Pian piano il lavoro riprese, ma in mano ai soldati erano rimasti dieci operai; non ricordo il nome di tutti,
ma fra gli altri c'erano: Marcello Aglietti, Bruno Congro, Bruno Costa, Ivano Tromboni, Lorenzo Biolla.
Alle 14 i soldati erano ancora in fabbrica e Noemi Gibba fece la spia dicendo che l'avevo minacciata: venni
così arrestato anch'io e portato alla caserma dei carabinieri di Biella, vicino all'ospedale, mentre gli altri
dieci erano stati condotti alle carceri del Piazzo.
Il 20 agosto tutti legati e ammanettati insieme con catene, fummo condotti alla stazione della
Biella-Santhià, diretti alle carceri Nuove di Torino. Quando ci fecero scendere a Santhià per cambiare treno, tutti i
viaggiatori provenienti da Milano ci osservavano dai finestrini credendo che fossimo dei delinquenti; allora
Marcello Aglietti disse forte: "Non credeteci dei criminali, siamo solo operai che hanno scioperato perché cessi
la guerra!". I carabinieri lo ammonirono subito di tacere.

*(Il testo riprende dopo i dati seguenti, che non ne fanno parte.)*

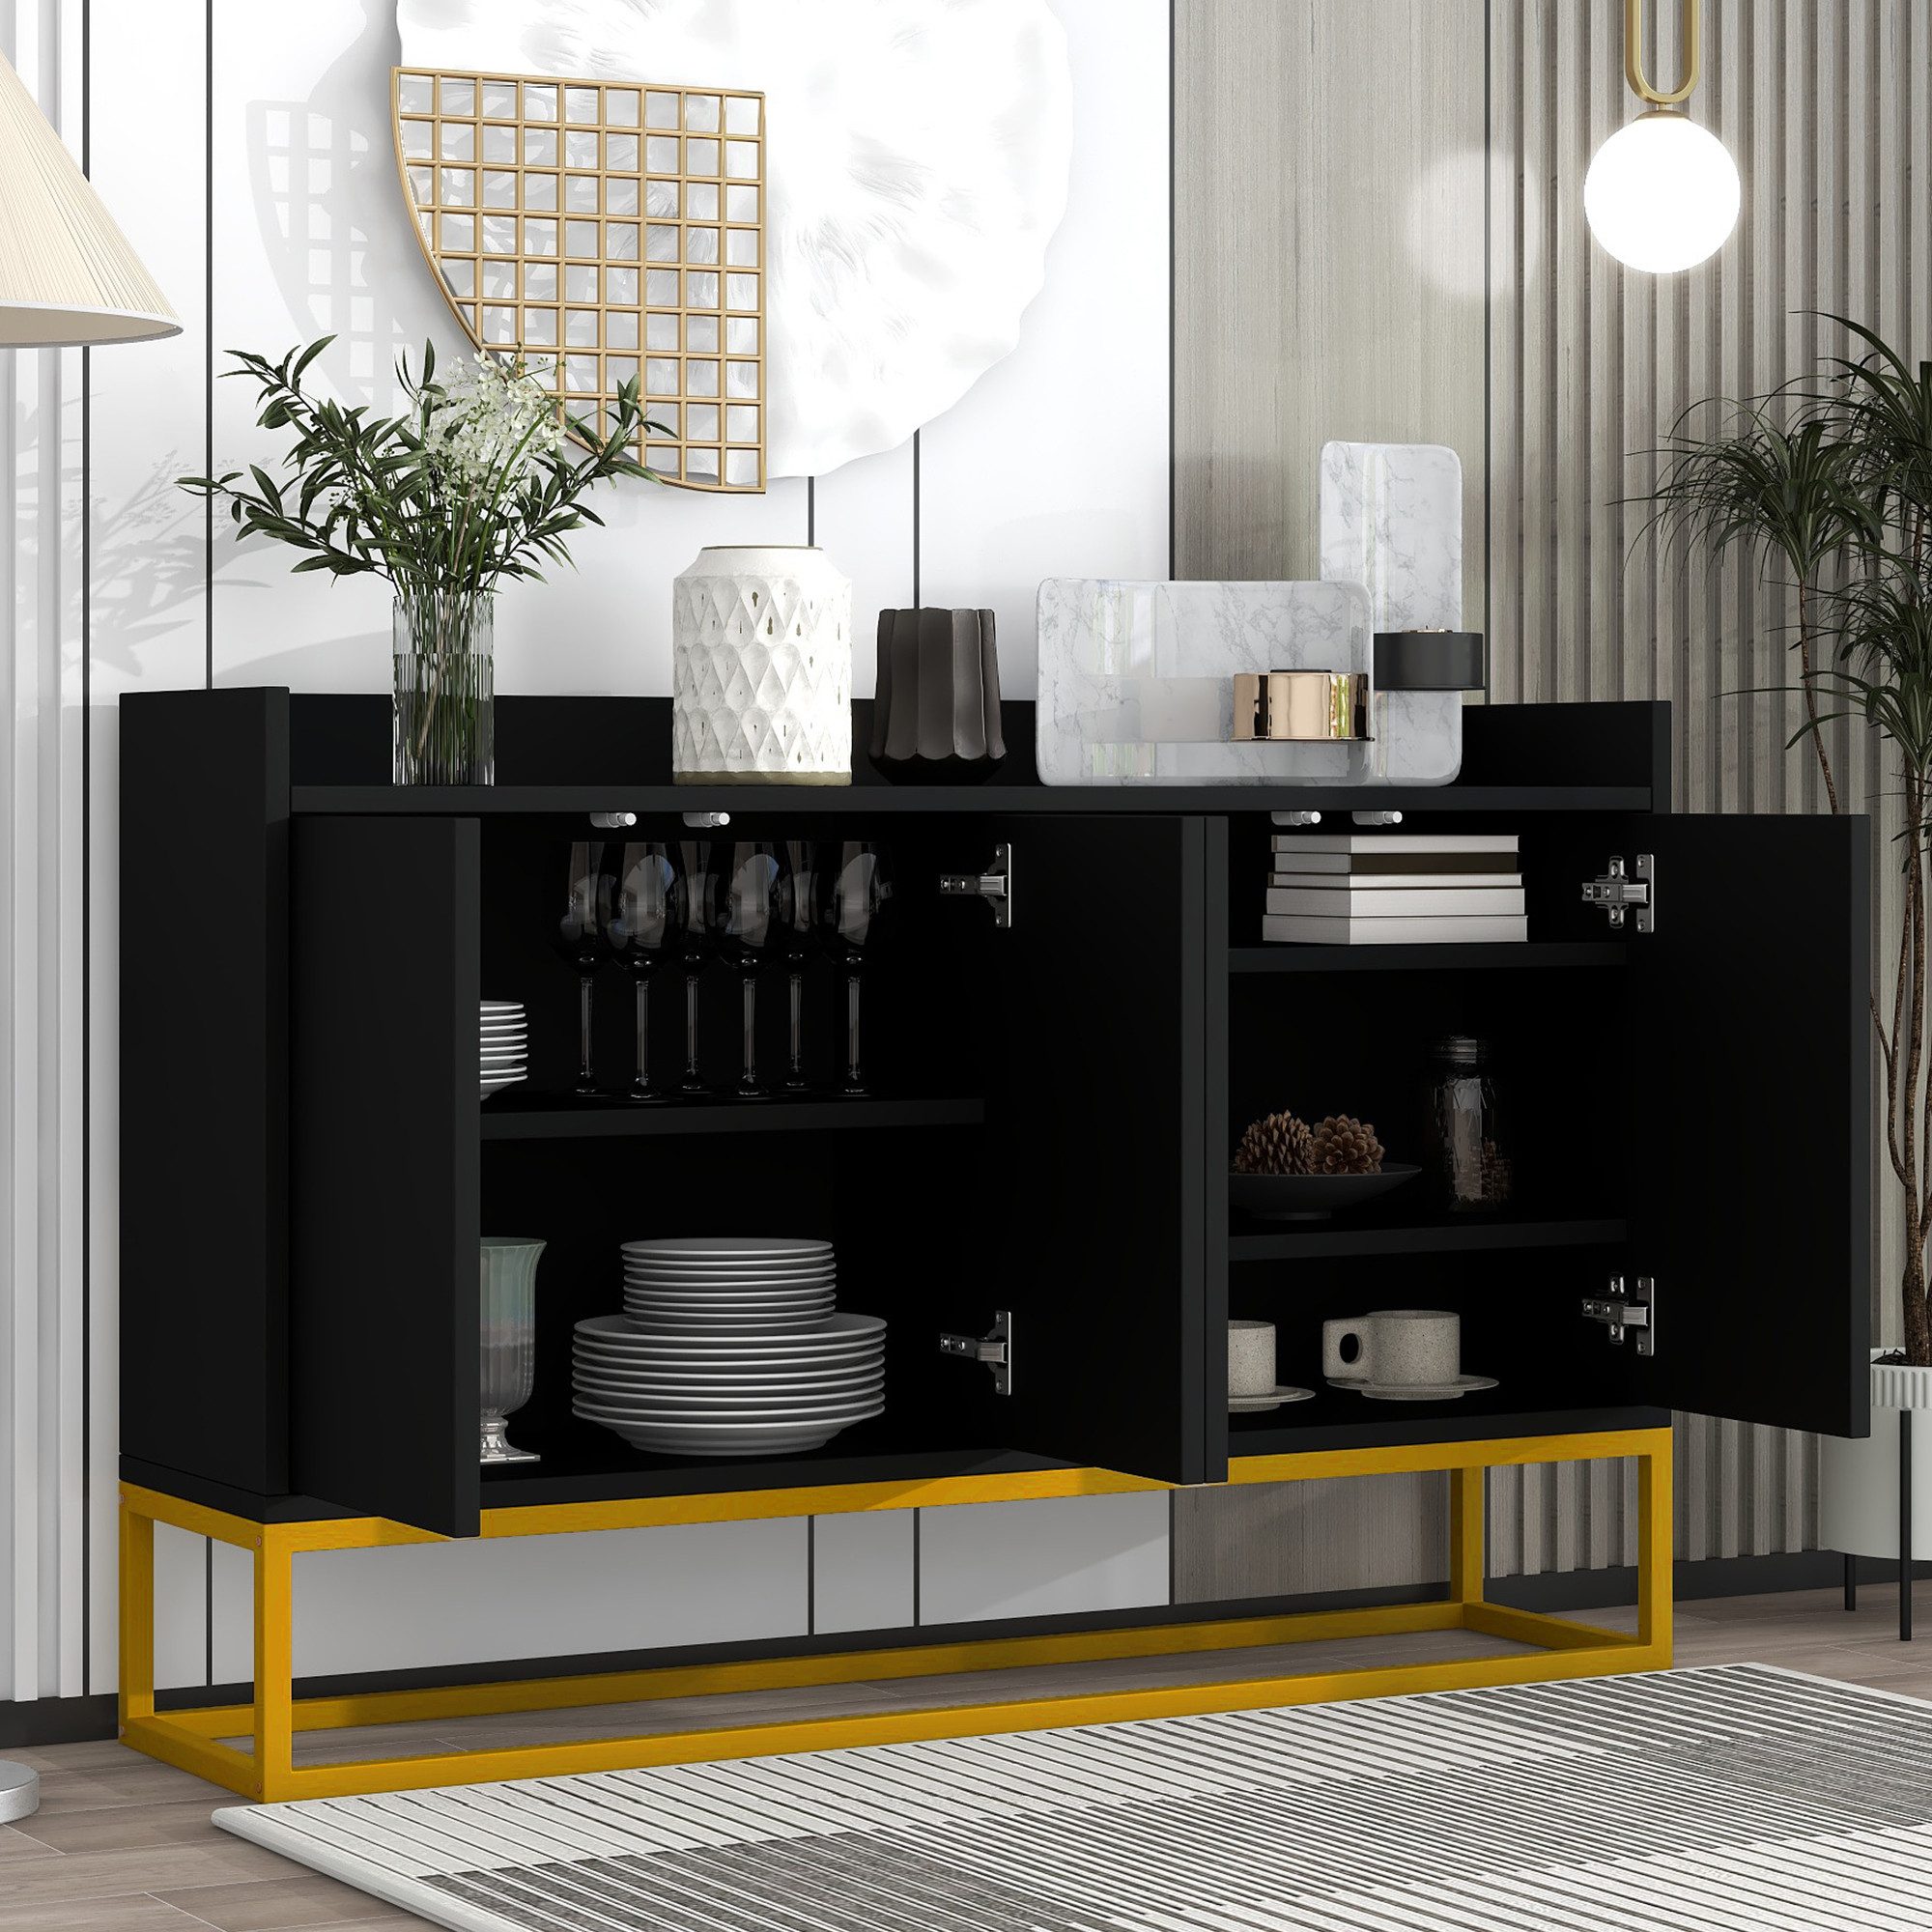 OKWISH Sideboard Anrichte, Modernes Küchenschrank im minimalistischen Stil 4-türiger (griffloser Buffetschrank für Esszimmer, Wohnzimmer, Küche)

Alle Nuove fummo rinchiusi nelle celle a tre per tre, vestiti da lavoro, senza paglia né pagliericci,
obbligati a coricarci sul cemento; due volte al giorno ci davano pelli di patata e pelli di zucca, senza pane e senza
sale. Così fino al processo, che avvenne tre settimane dopo, presso il Tribunale militare di Torino, al termine
del quale fummo tutti condannati: io a due anni di reclusione, Costa e Aglietti a diciotto mesi e gli altri a otto
e dodici mesi, con la condizionale. Questi ultimi ritornarono a casa e rimanemmo in tre; fummo subito
trasferiti a Ivrea, dove ci fecero lavorare intrecciando paglia per fare scarpe e ceste. A Ivrea si stava meglio, si
dormiva sulla paglia e si mangiava due volte al giorno, pasta e fagioli o riso e fagioli con pane.

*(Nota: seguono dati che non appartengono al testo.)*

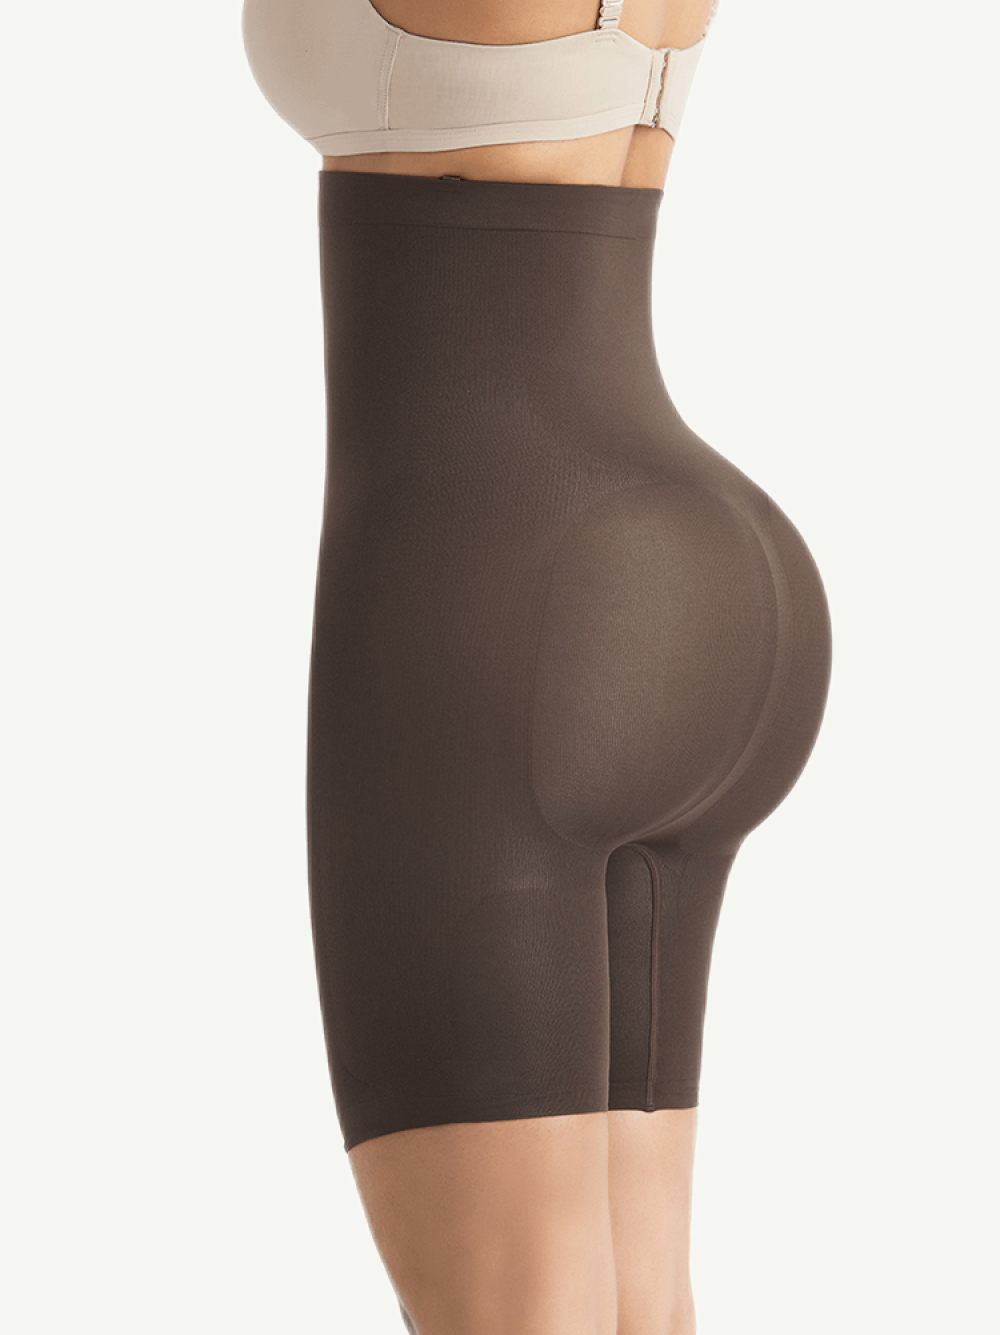 Abdominal Slimmer Dark Brown Seamless Buckle Butt Enhance Plus Size

Il 14 ottobre 1943 io e Aglietti fummo liberati, Costa era già stato liberato prima, e facemmo ritorno a casa.
Subito dopo la costituzione della repubblica di Salò, fu ordinato che, nelle fabbriche, si costituissero
le Commissioni interne. Gli operai avrebbero voluto noi come loro rappresentanti, ma noi non
accettammo perché accettare avrebbe significato collaborare con i fascisti. In seguito, non mi recai più al lavoro e
mi aggregai al compagno Mario Graziola, facendo tutto quello che lui mi insegnava. Egli, poiché avevo
due figli piccoli e la moglie incinta, mi consigliò quando si costituirono le prime formazioni partigiane, di
non recarmi in montagna, ma di lavorare a loro sostegno restando in paese, evitando magari di pernottare a
casa. È quello che feci fino al 25 aprile 1945.